Ms. Summerscale, a journalist and former literary editor, has written an enthralling true crime story that encompasses all the details that fans of true crime stories find essential: the crime, the suspects’ actions, the police investigations, blunders, and breakthroughs, and also the detailed proceedings of the various court hearings. At the same time, she has managed to pen a story that draws you in with its narrative style and does not get bogged down in the detail. The book is very well crafted and leads the reader on, not only through the details of the case, but also through Ms. Summerscale’s argument. She argues that this case was the real case that gave rise to the conventions and popularity of country house murder fiction continuing today. Many of the real details of the case appeared in fiction in the years that followed; for example, the case influenced tales like The Moonstone by Wilkie Collins. Mr. Whicher, one of the founding eight members of the Detective force at Scotland Yard, was the original popular heroic detective, and was interviewed and quoted by Charles Dickens. Like the fictional Cuff in The Moonstone, Whicher embodied for the public the archetype intuitive, intellectual detective, who caught criminals by using his powerful observation of people and clues. When Whicher’s long career was substantially ruined by this case in Wiltshire, there arose a further era of detective fiction where the detective is seen as either crass and inept, or as a dark influence, a lower-class intruder into the sanctity and secrets of the middle class home.

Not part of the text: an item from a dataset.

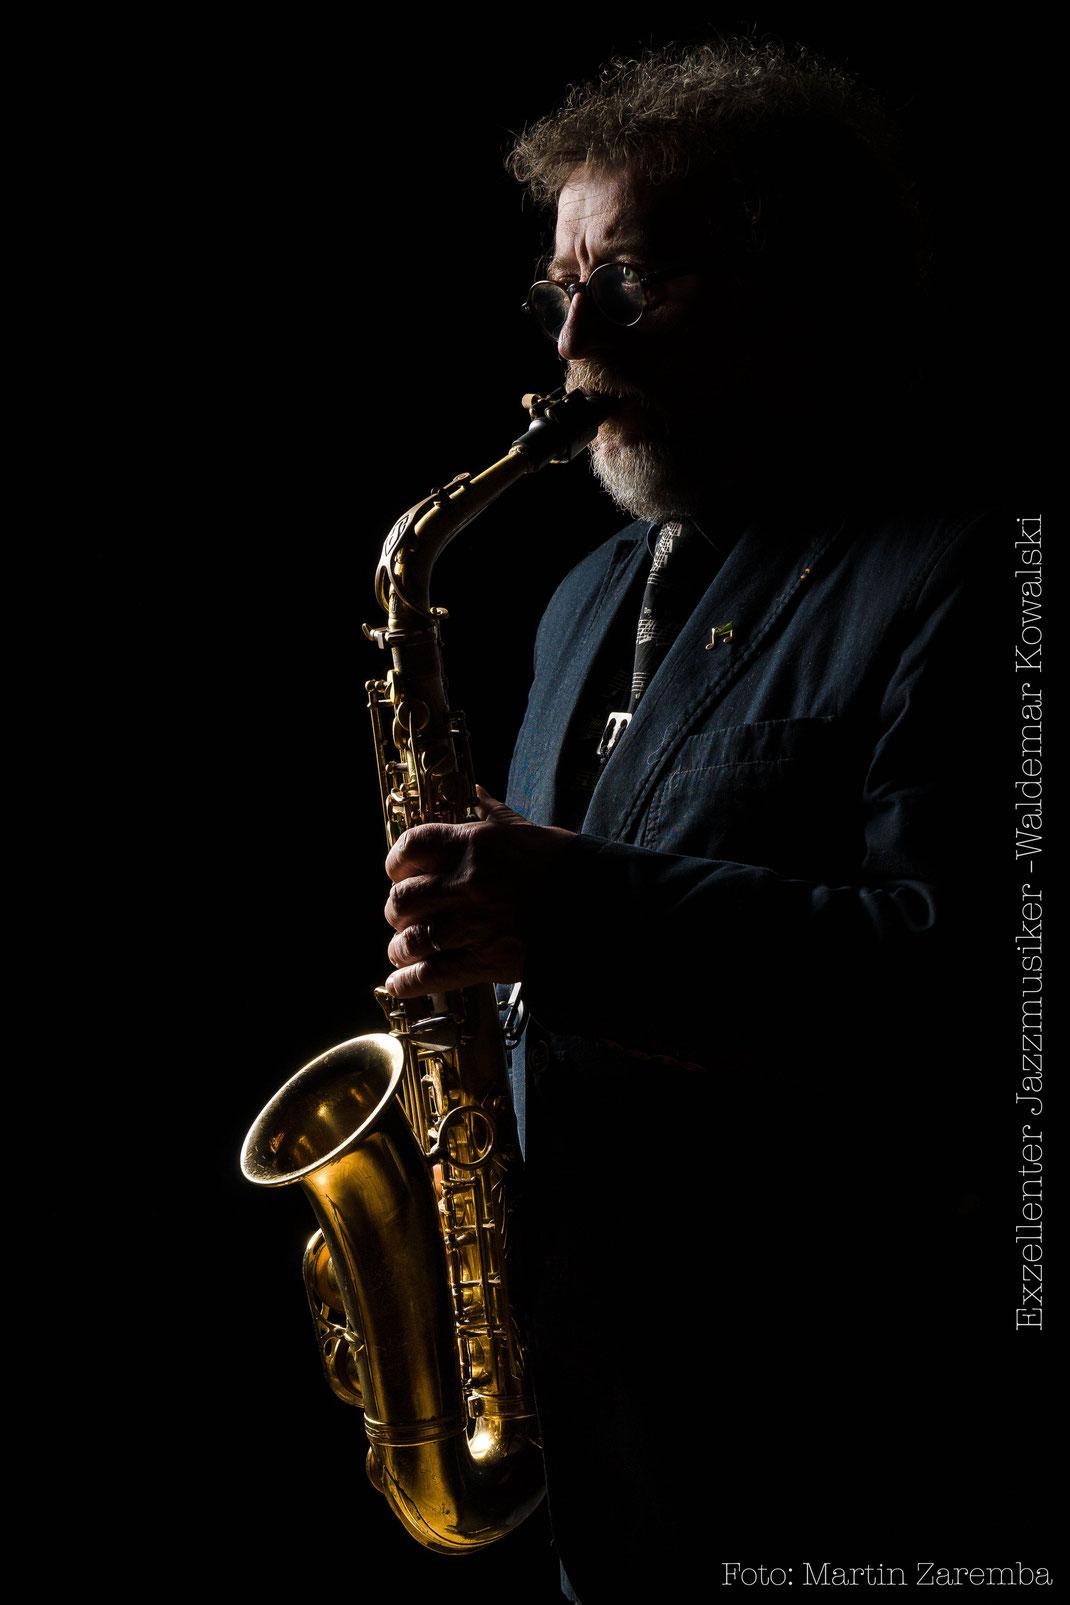 Portrait Jazzmusiker Waldemar Kowalski, Saxophone
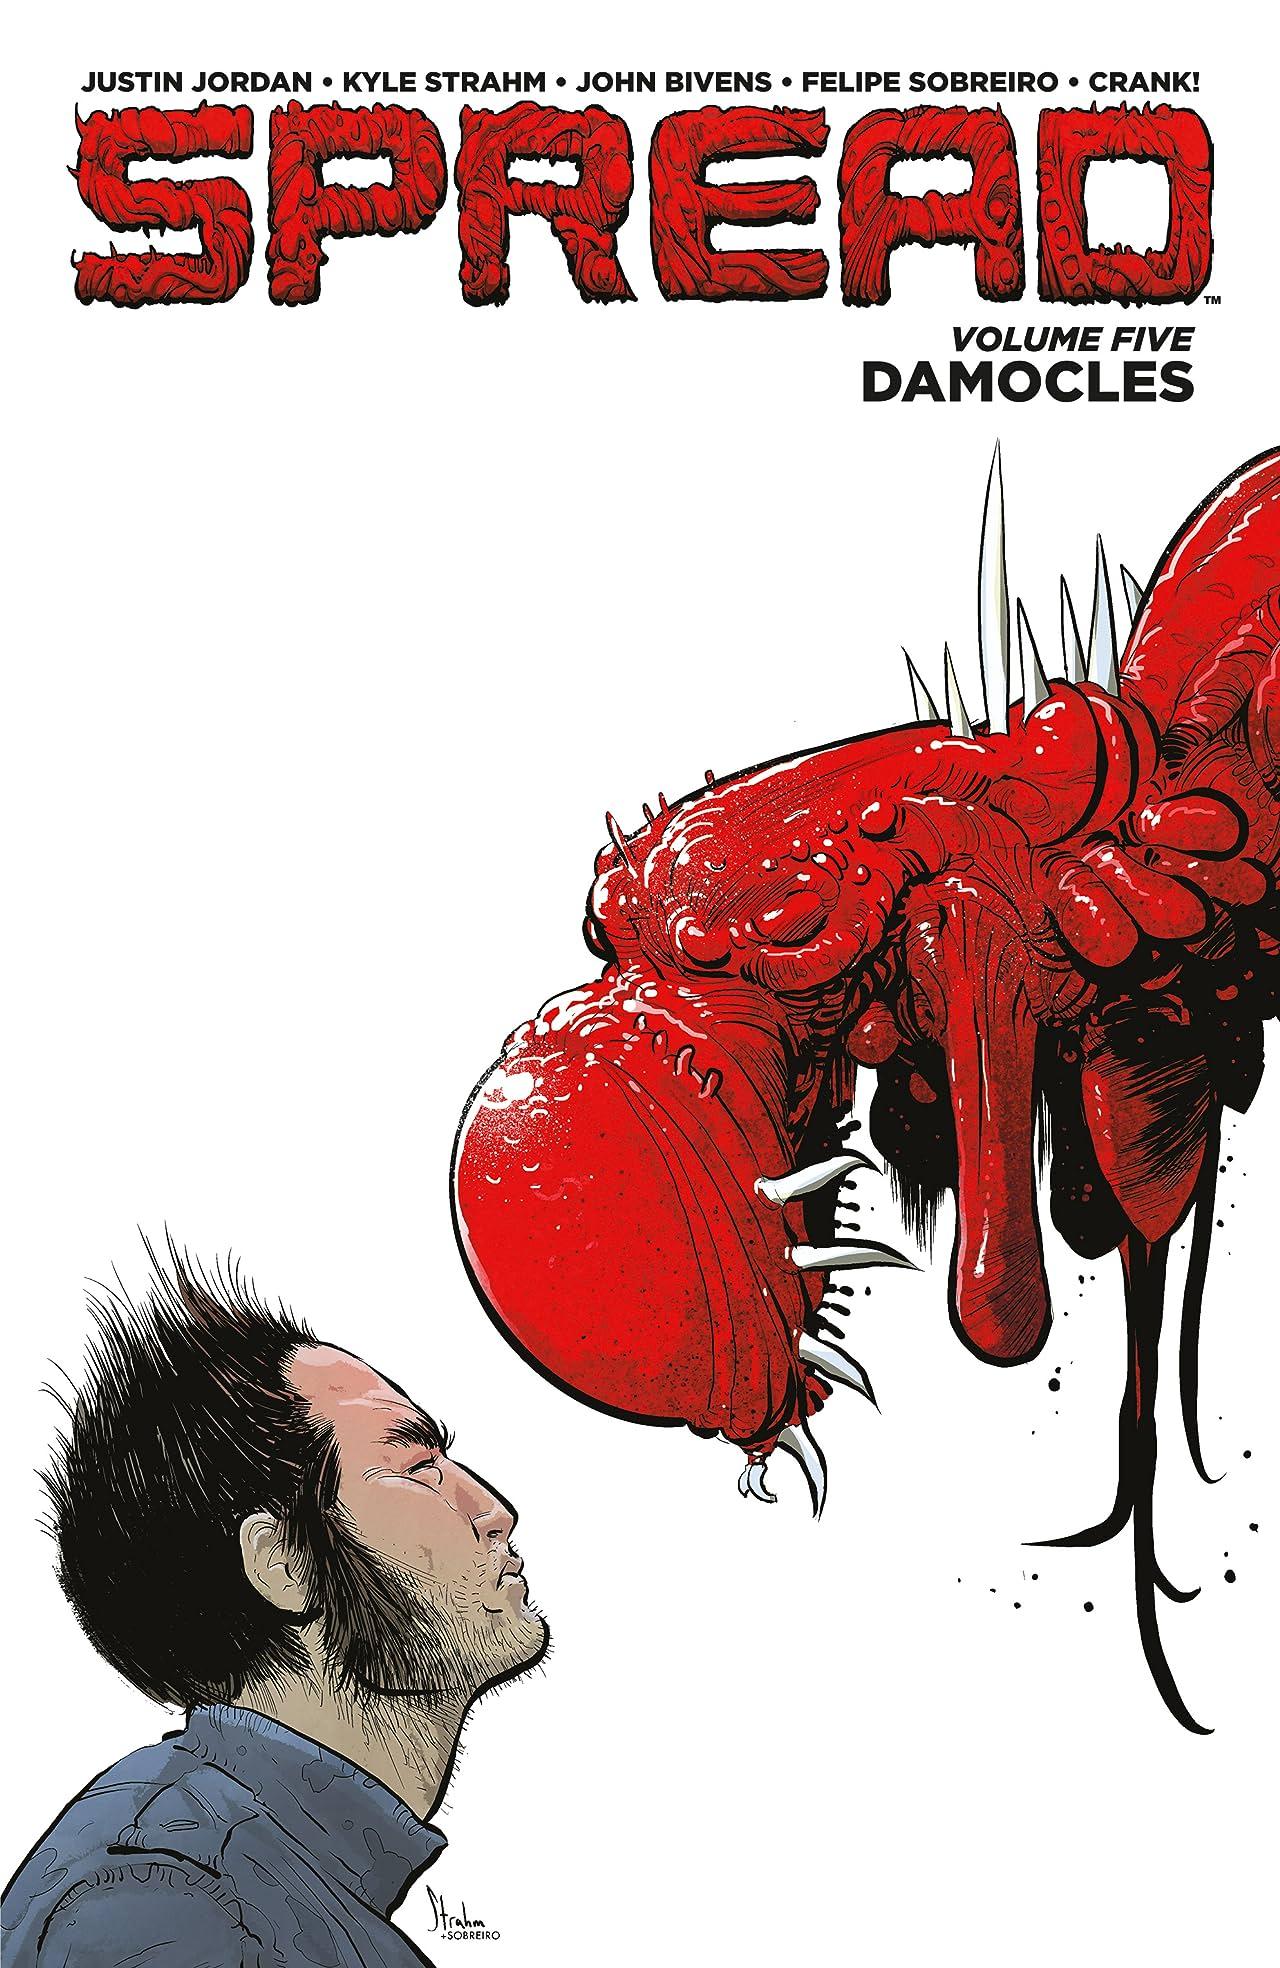 Spread Vol. 5: Damocles

This book can be enjoyed on many levels. You can appreciate Ms. Summerscales’ scholarship in the infinite details of mid-Victorian English culture that she lays out for us, and in her deep knowledge of the crime fiction of the era and also of Scotland Yard and the judicial system. She writes perceptively of the people involved in the case, so that you soon begin to see that all the characters involved in the case are full of secrets. Ms. Summerscale compares this case to classical murder mysteries where everyone is a suspect with things to hide. The detective has to sift through all the secrets and see which suspect is hiding the fact that he or she is a murderer. In this case in Wiltshire, the person convicted may or may not have been the culprit. You will have to read the book to find out!